## WORK TASK
Please print exactly the lines from the line containing "MEHOFOND Strawberry Theme" through the end of the data, no more, and keep pictures out of the copy.

## MATERIAL PROVIDED
=======

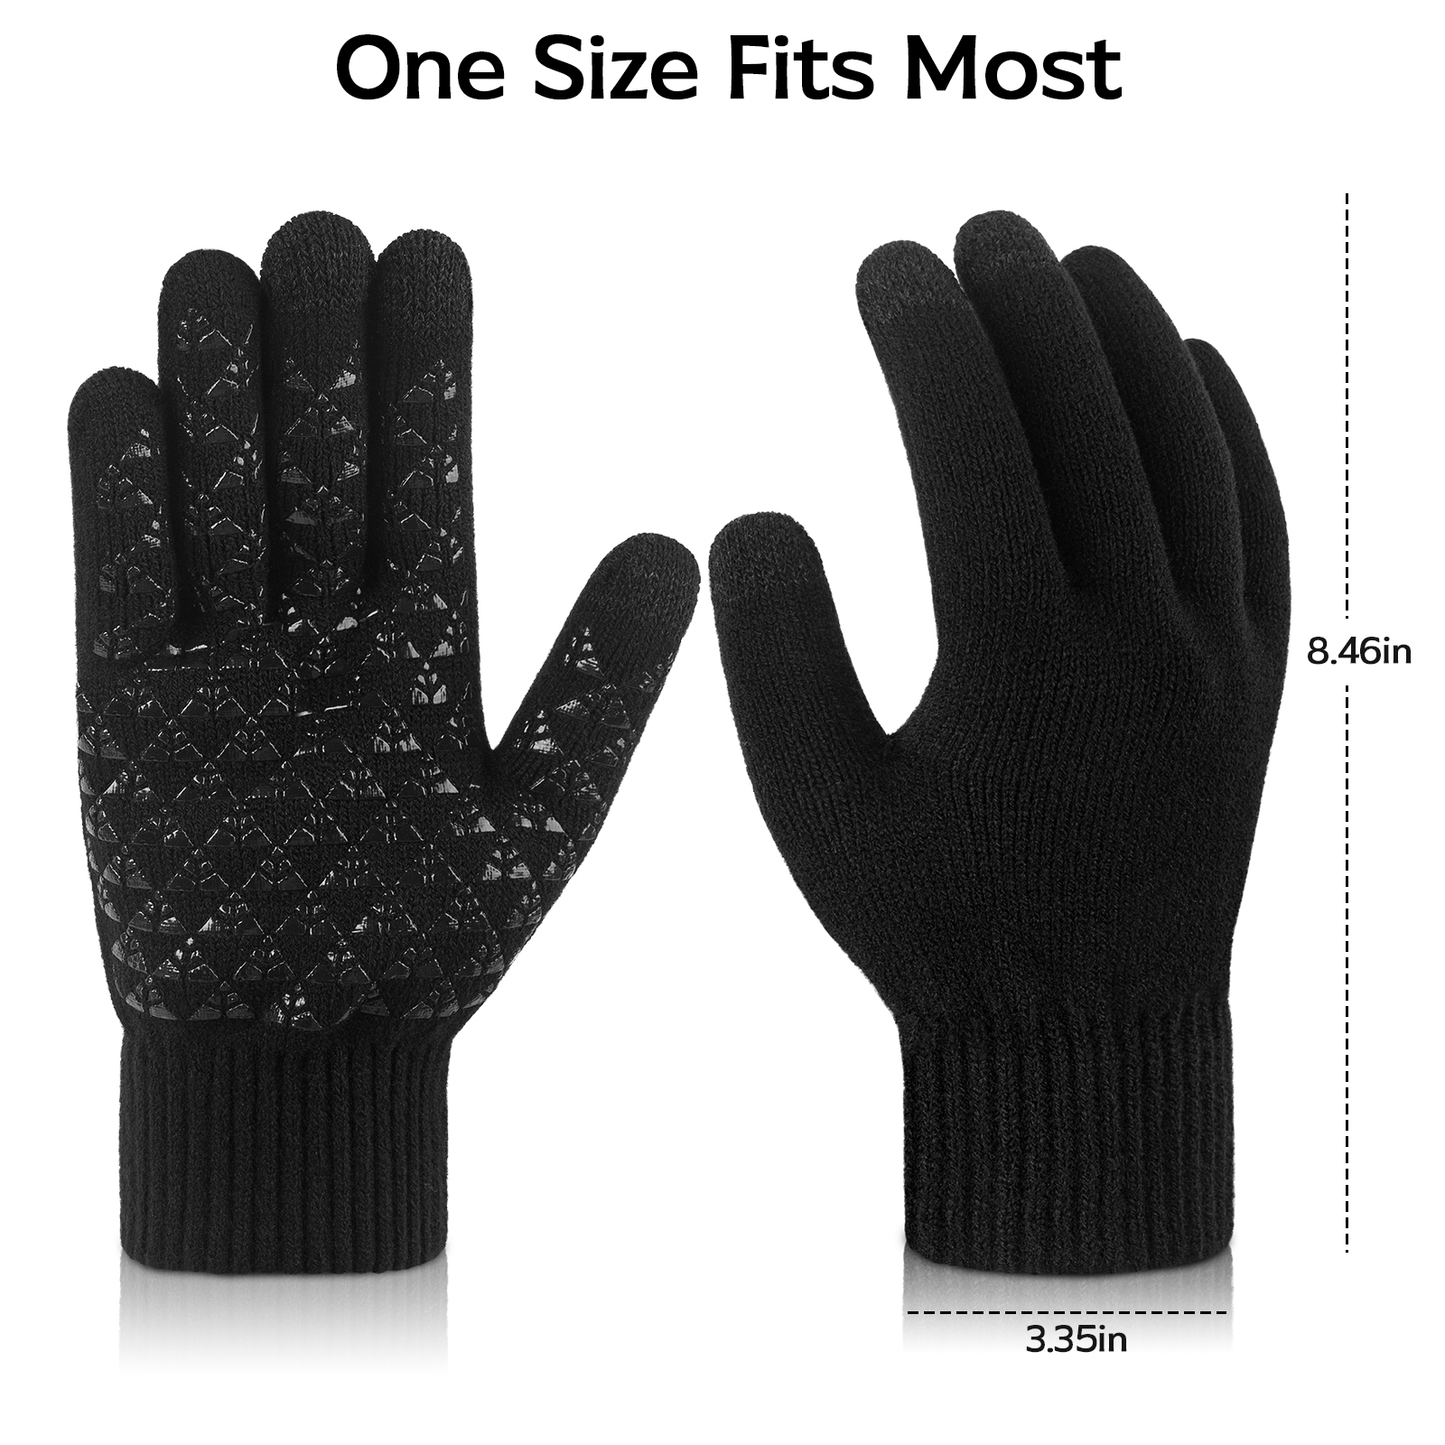 Loritta 4 Pair Winter Cycling Touch Screen Gloves Bike Elastic Cuff Gloves Warm Knit Women for Outdoor
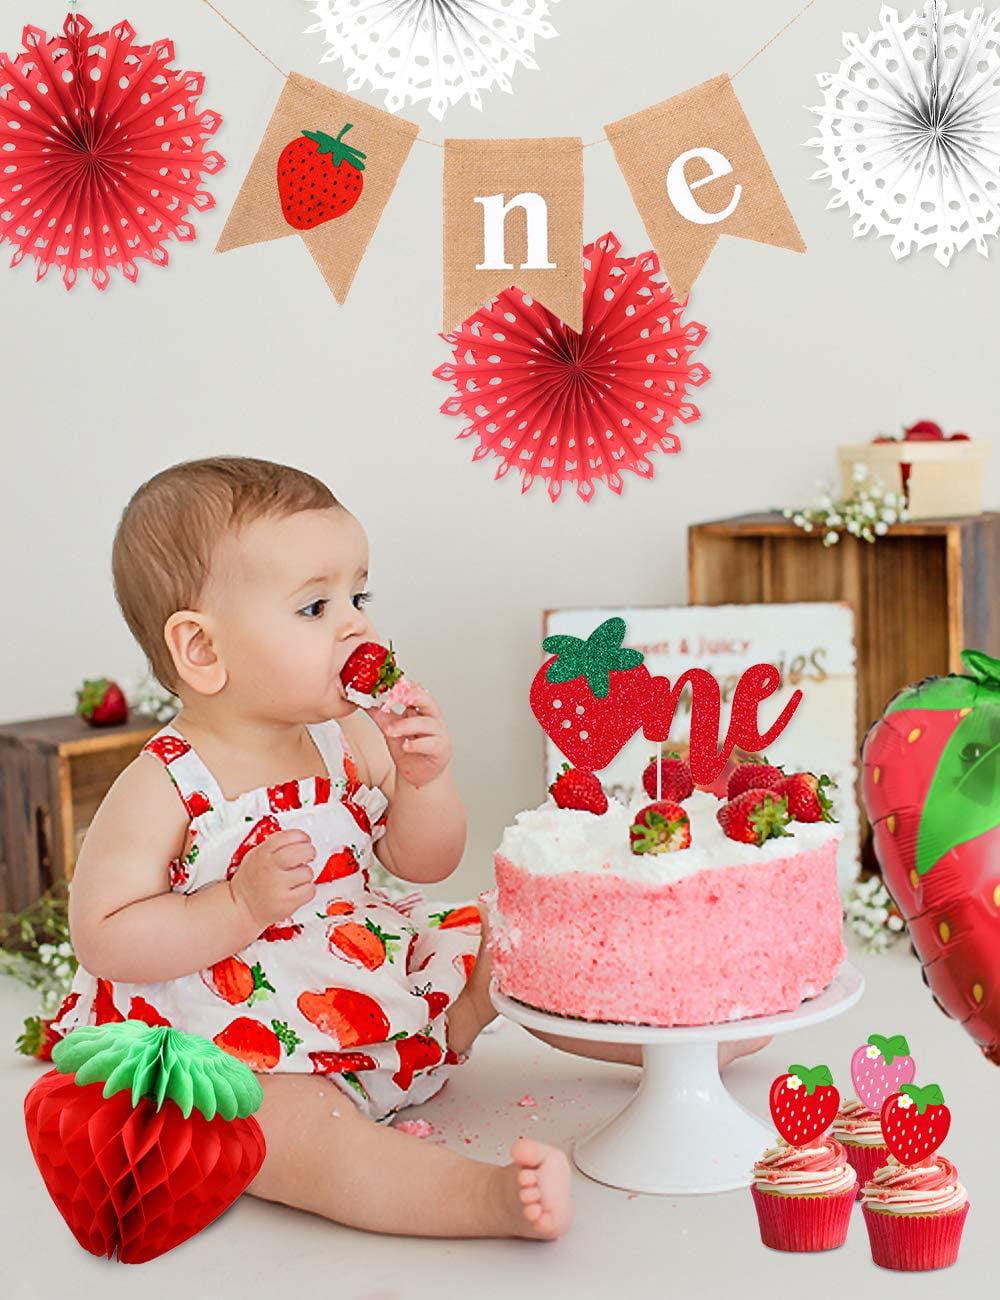 MEHOFOND Strawberry Theme 1st Birthday Party Decoration Backdrop for 1 Years Old Girl A Berry Sweet One Photography Background Cake Table Gift Table Photo Props Banner Supplies Vinyl 7x5ft 
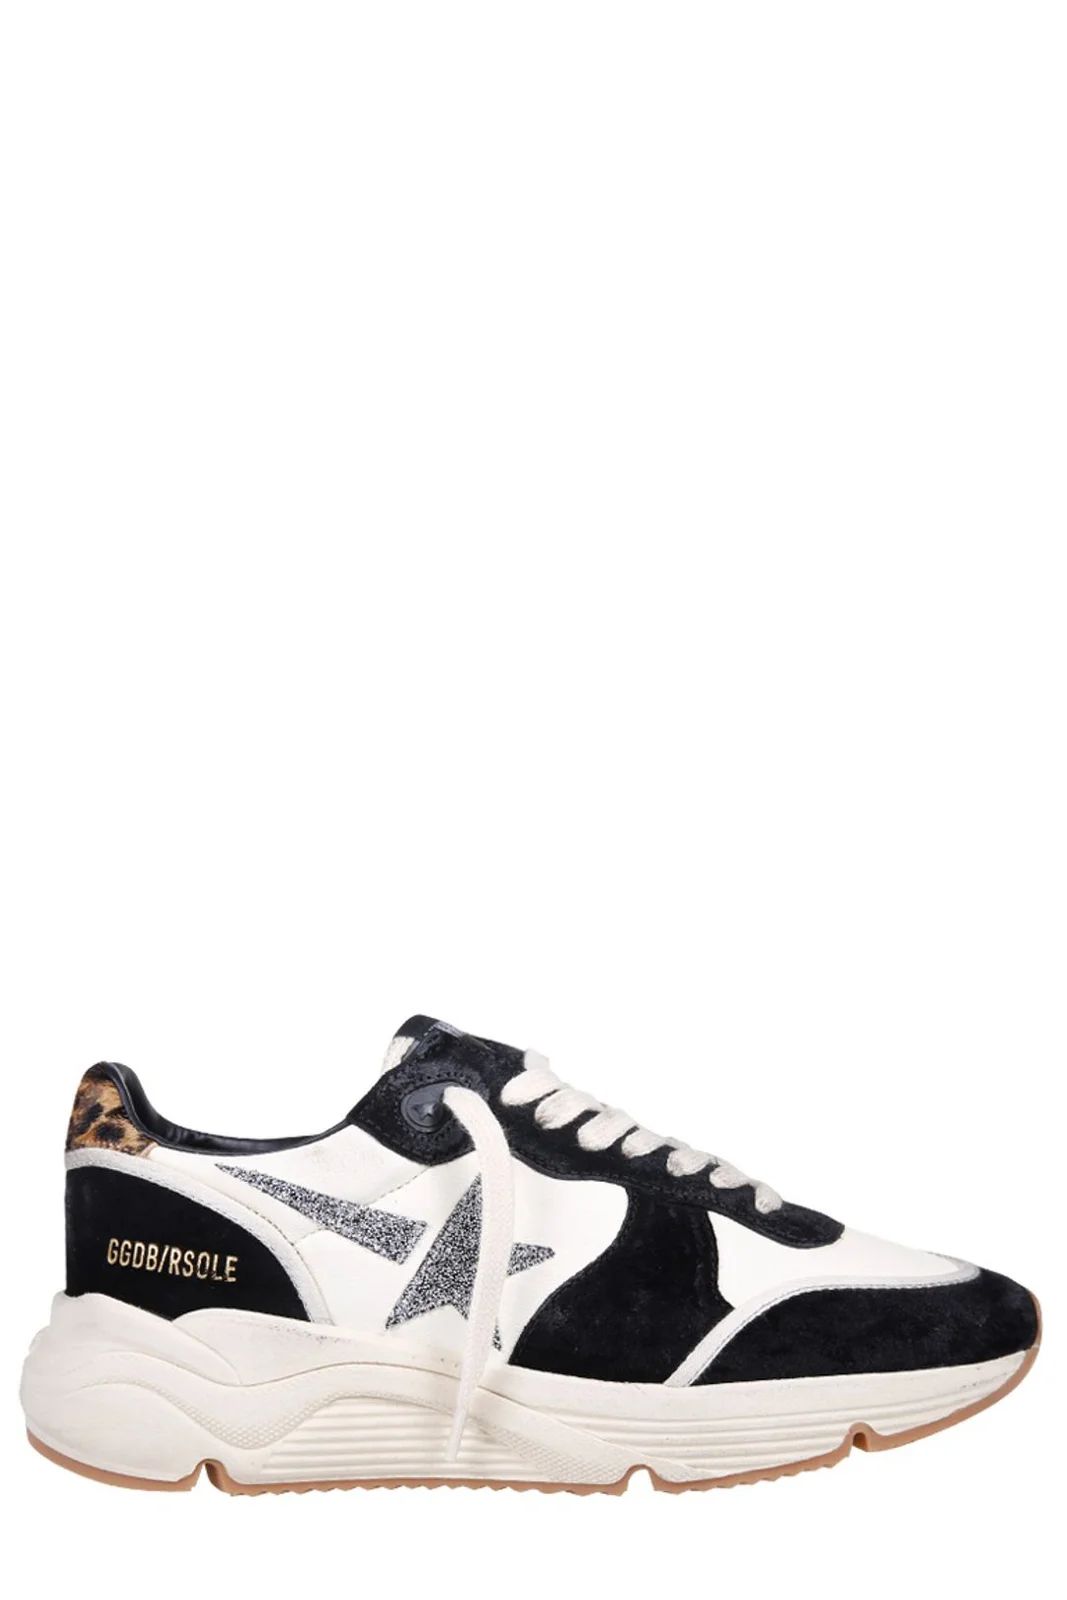 Golden Goose Deluxe Brand Running Sole Lace-Up Sneakers | Cettire Global

=======

## SOLUTION TO THIS EXERCISE
 MEHOFOND Strawberry Theme 1st Birthday Party Decoration Backdrop for 1 Years Old Girl A Berry Sweet One Photography Background Cake Table Gift Table Photo Props Banner Supplies Vinyl 7x5ft 
 Golden Goose Deluxe Brand Running Sole Lace-Up Sneakers | Cettire Global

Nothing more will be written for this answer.